Required from the data below: the exact lines starting at the line containing "茶叶铁盒茶叶蓝鲸体育丨中国有限公司官网小横图" and ending at the line containing "Mit der norwegischen", with both ends kept and all pictures dropped.

* **LISTED RECORDS**
↓
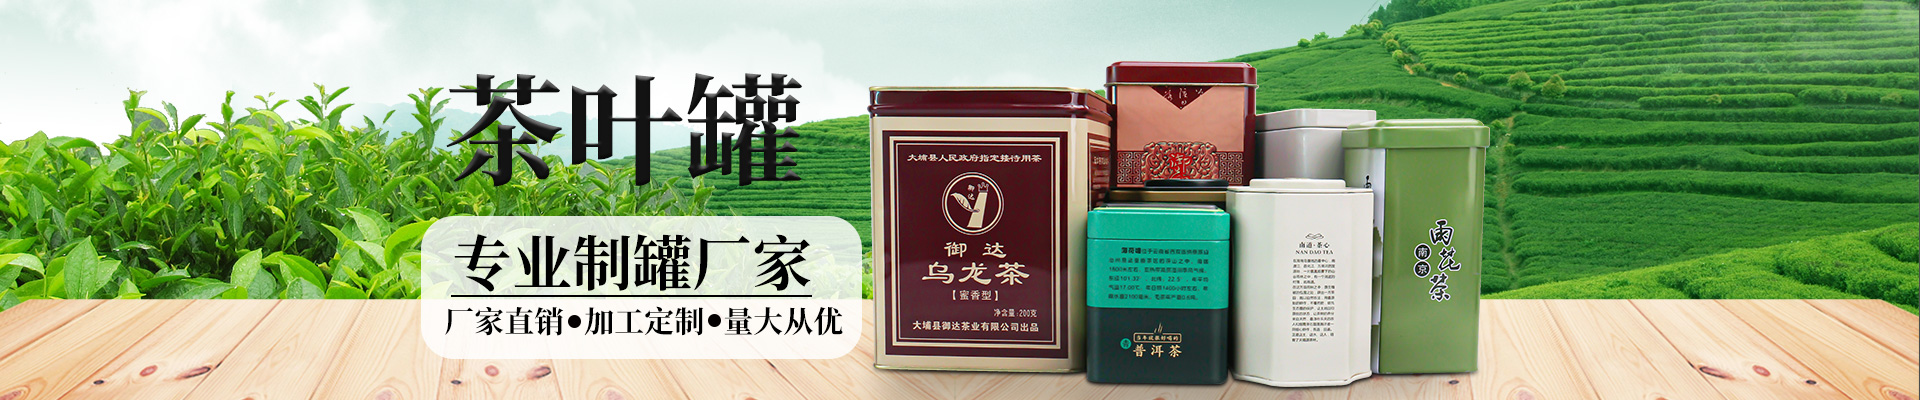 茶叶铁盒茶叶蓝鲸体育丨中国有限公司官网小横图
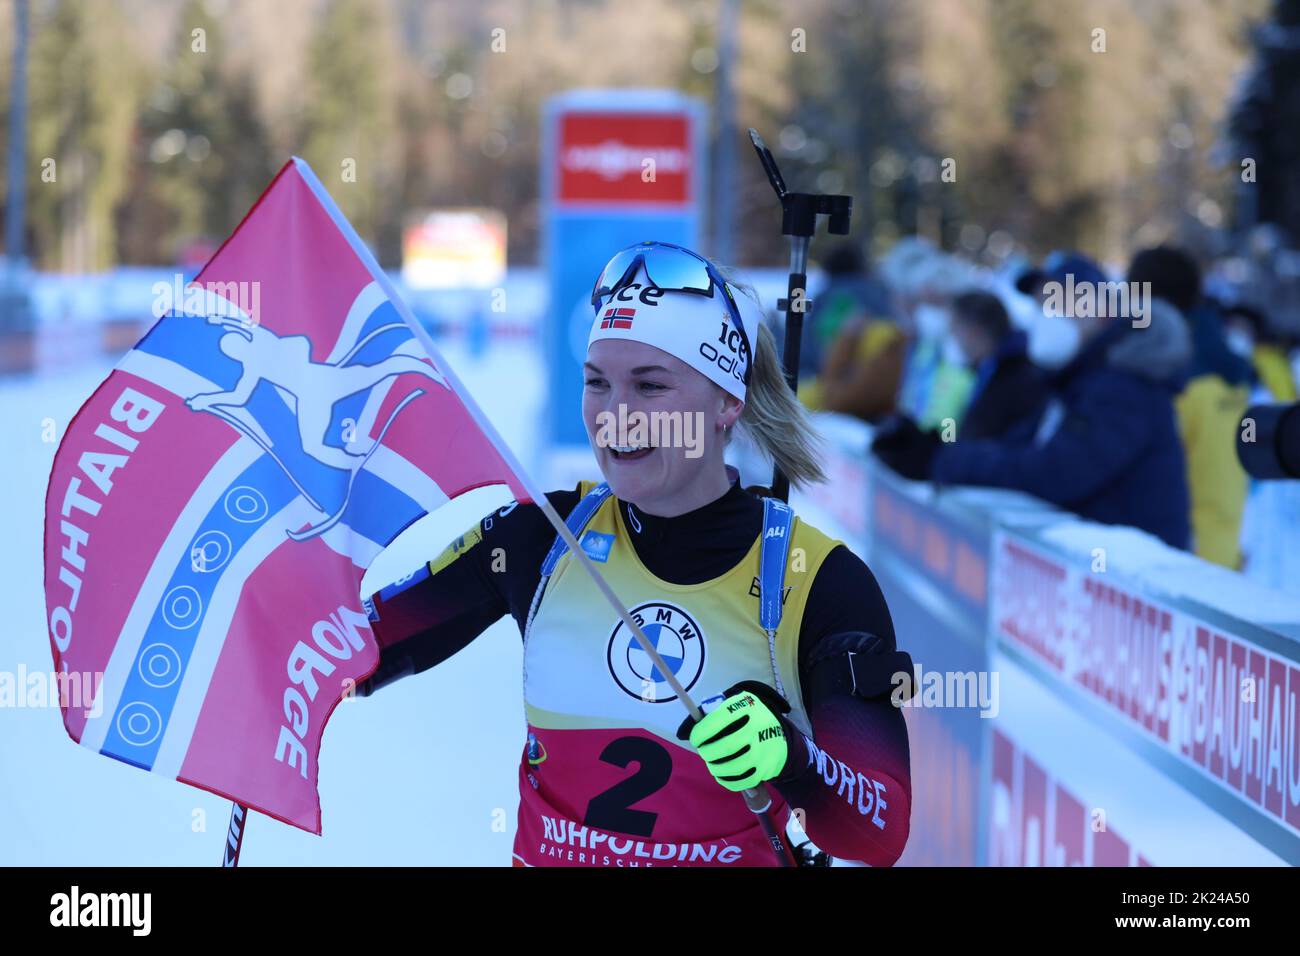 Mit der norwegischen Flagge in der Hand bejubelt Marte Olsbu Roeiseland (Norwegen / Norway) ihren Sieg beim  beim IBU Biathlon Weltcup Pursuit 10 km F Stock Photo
↑
↓
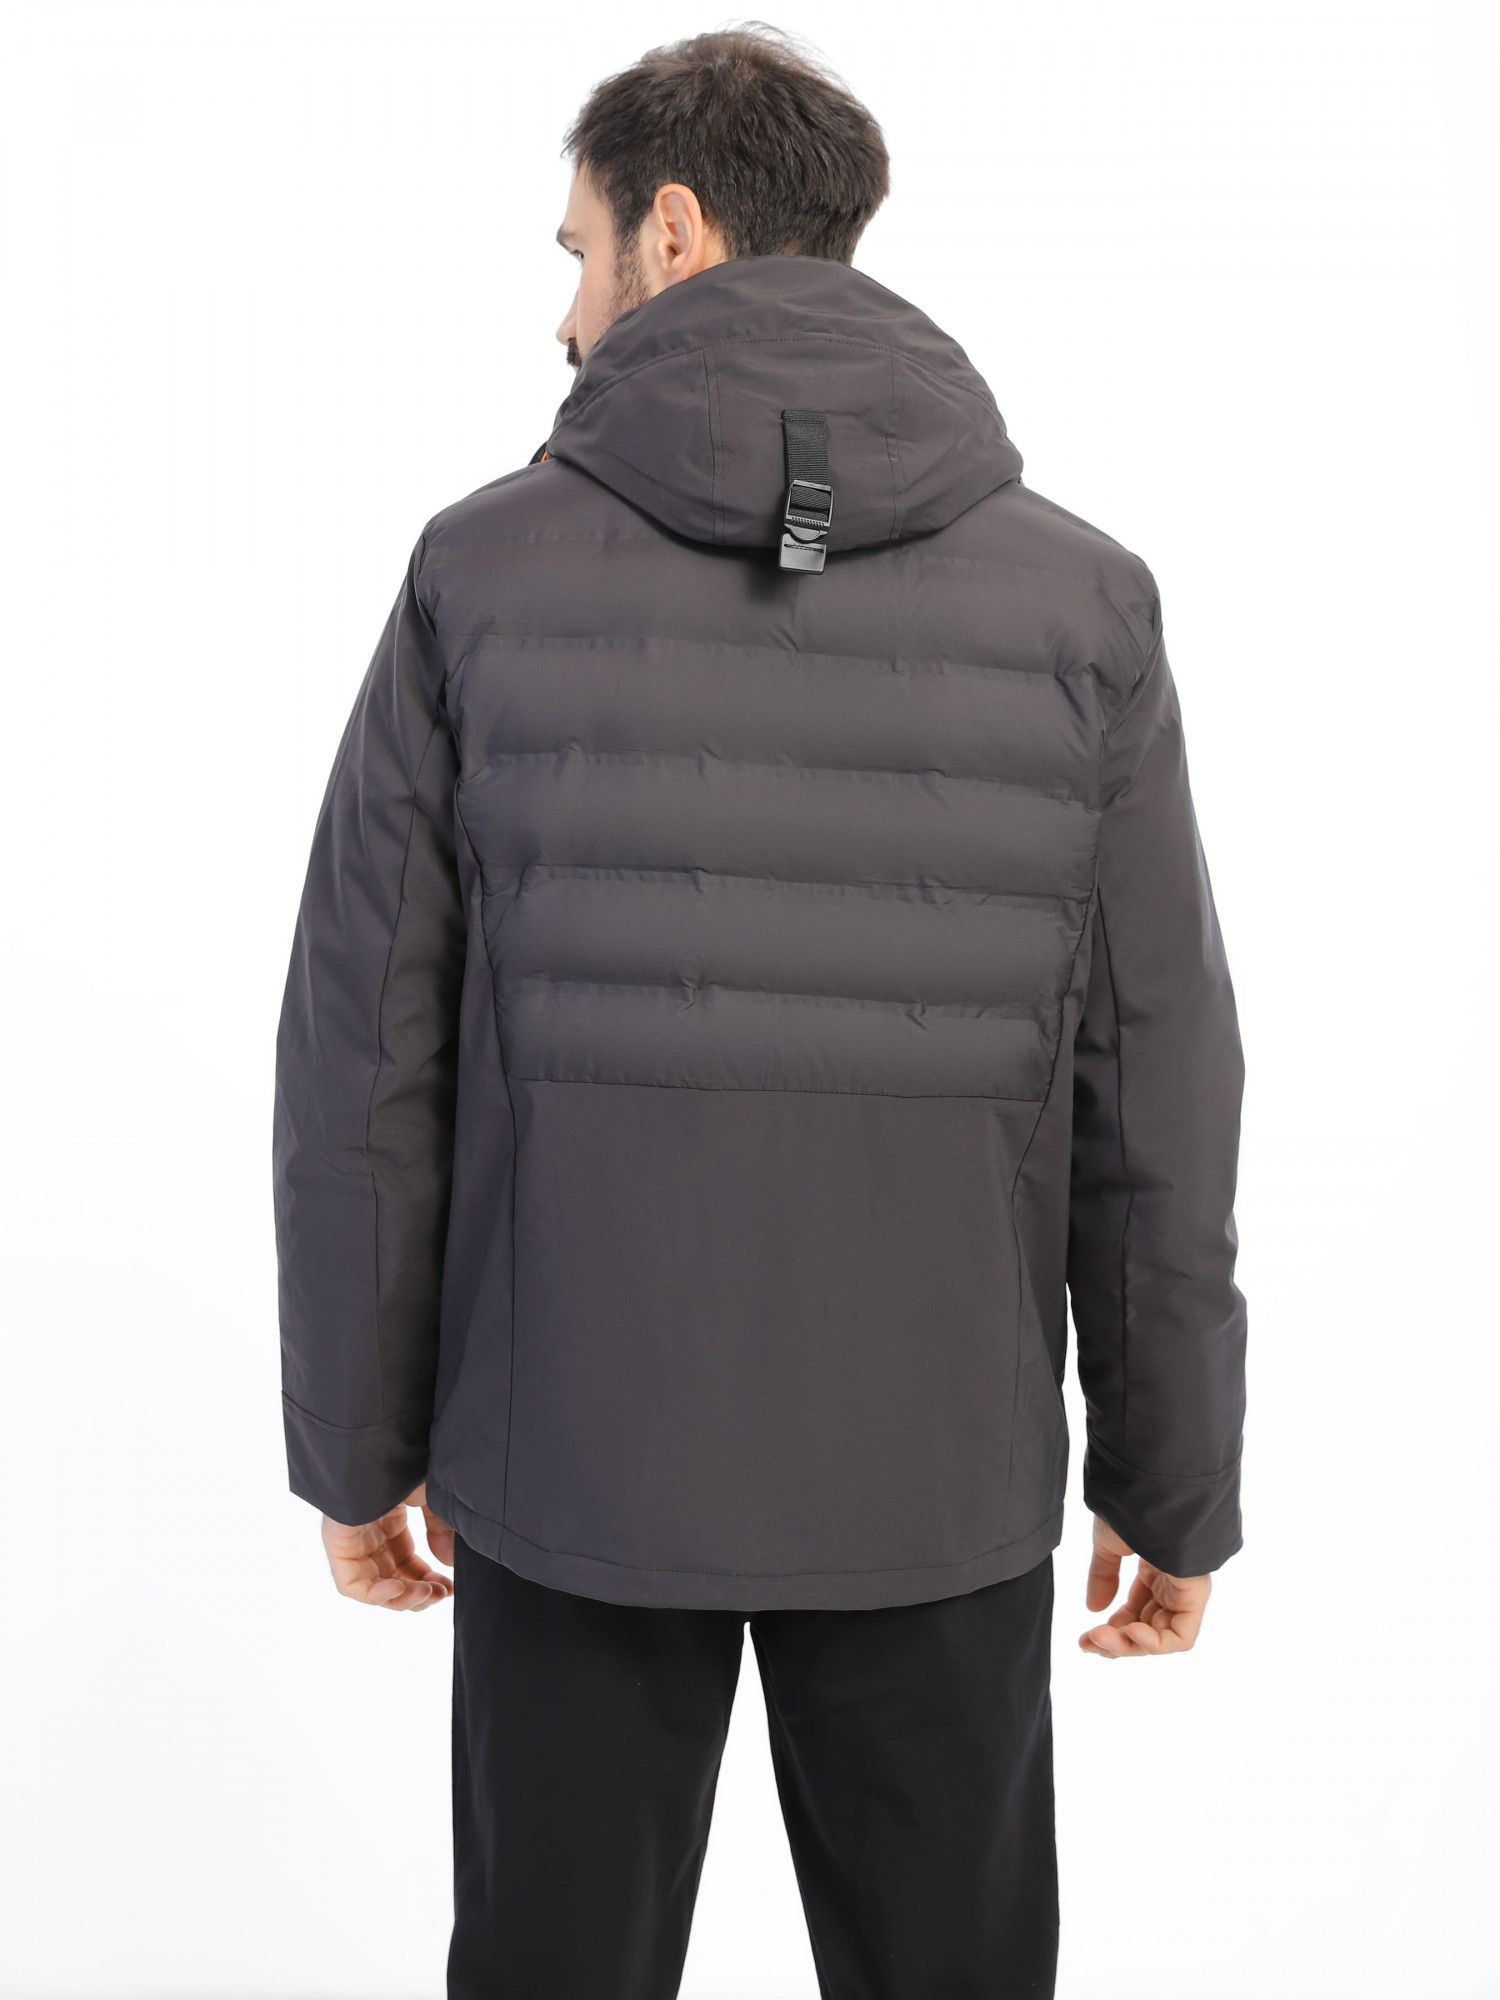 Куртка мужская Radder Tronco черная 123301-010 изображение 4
↑
↓
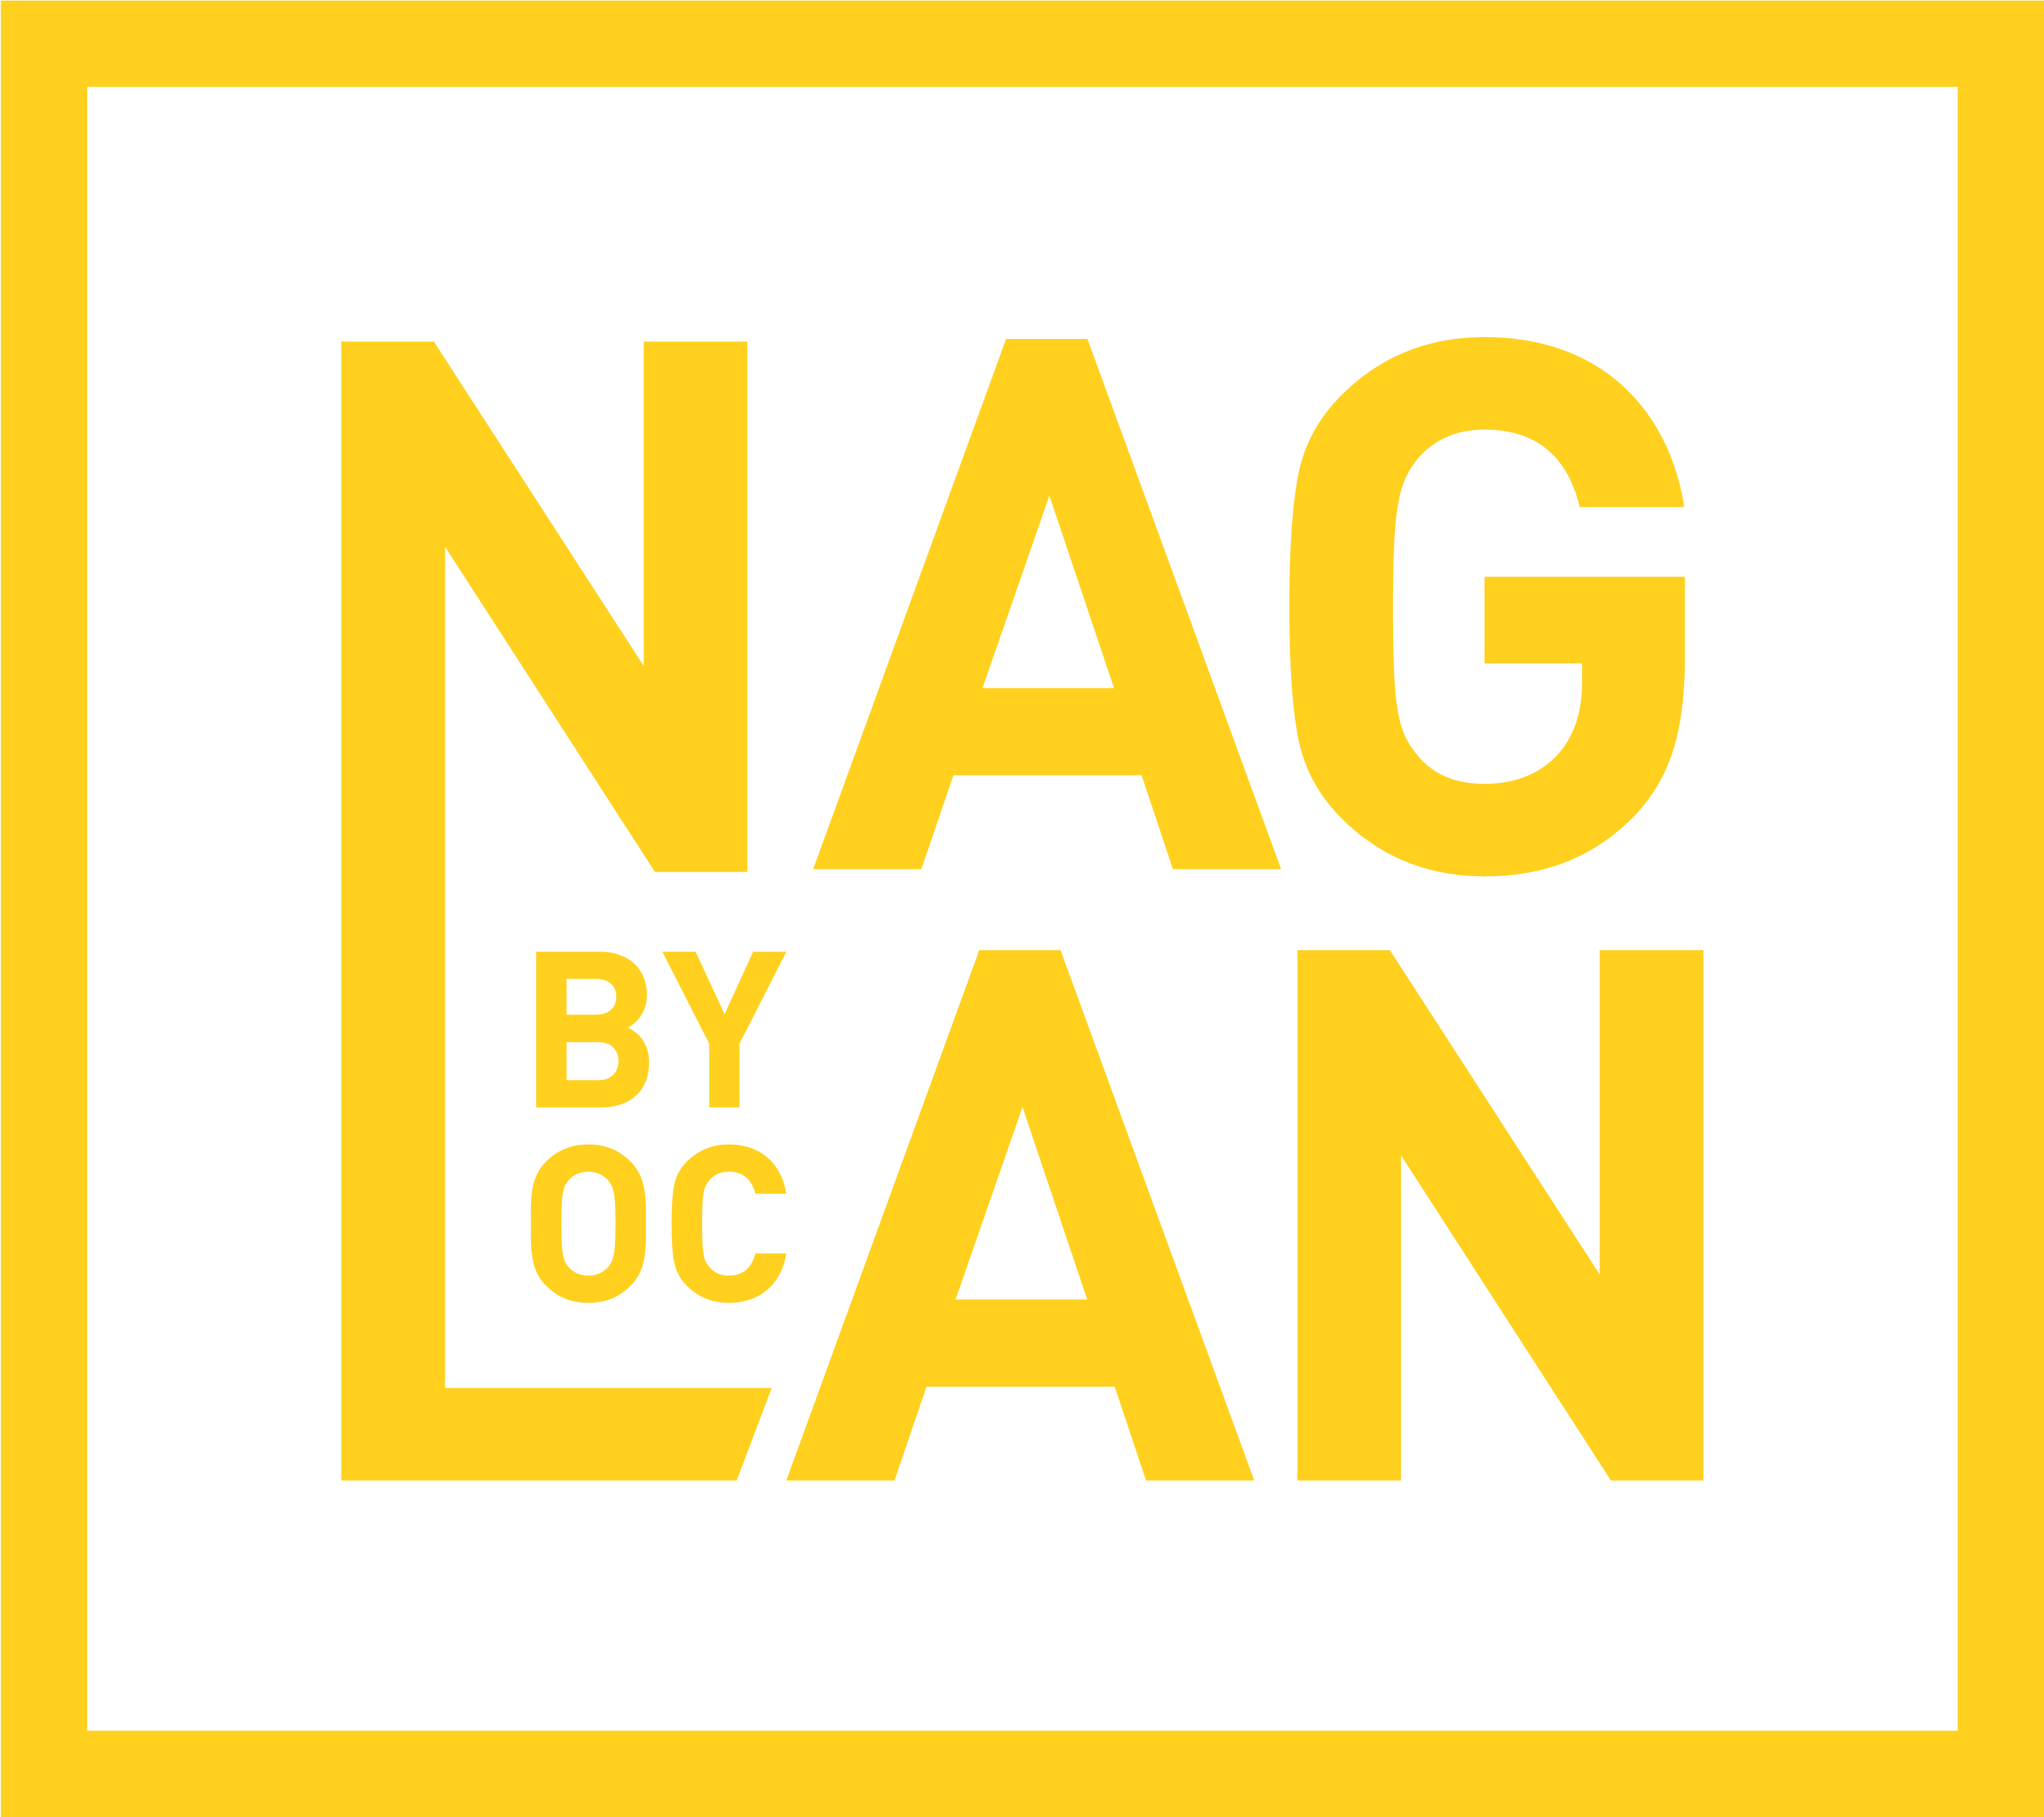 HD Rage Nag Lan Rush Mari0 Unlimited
↑
* **OUTPUT BELOW**
 茶叶铁盒茶叶蓝鲸体育丨中国有限公司官网小横图
 Mit der norwegischen Flagge in der Hand bejubelt Marte Olsbu Roeiseland (Norwegen / Norway) ihren Sieg beim  beim IBU Biathlon Weltcup Pursuit 10 km F Stock Photo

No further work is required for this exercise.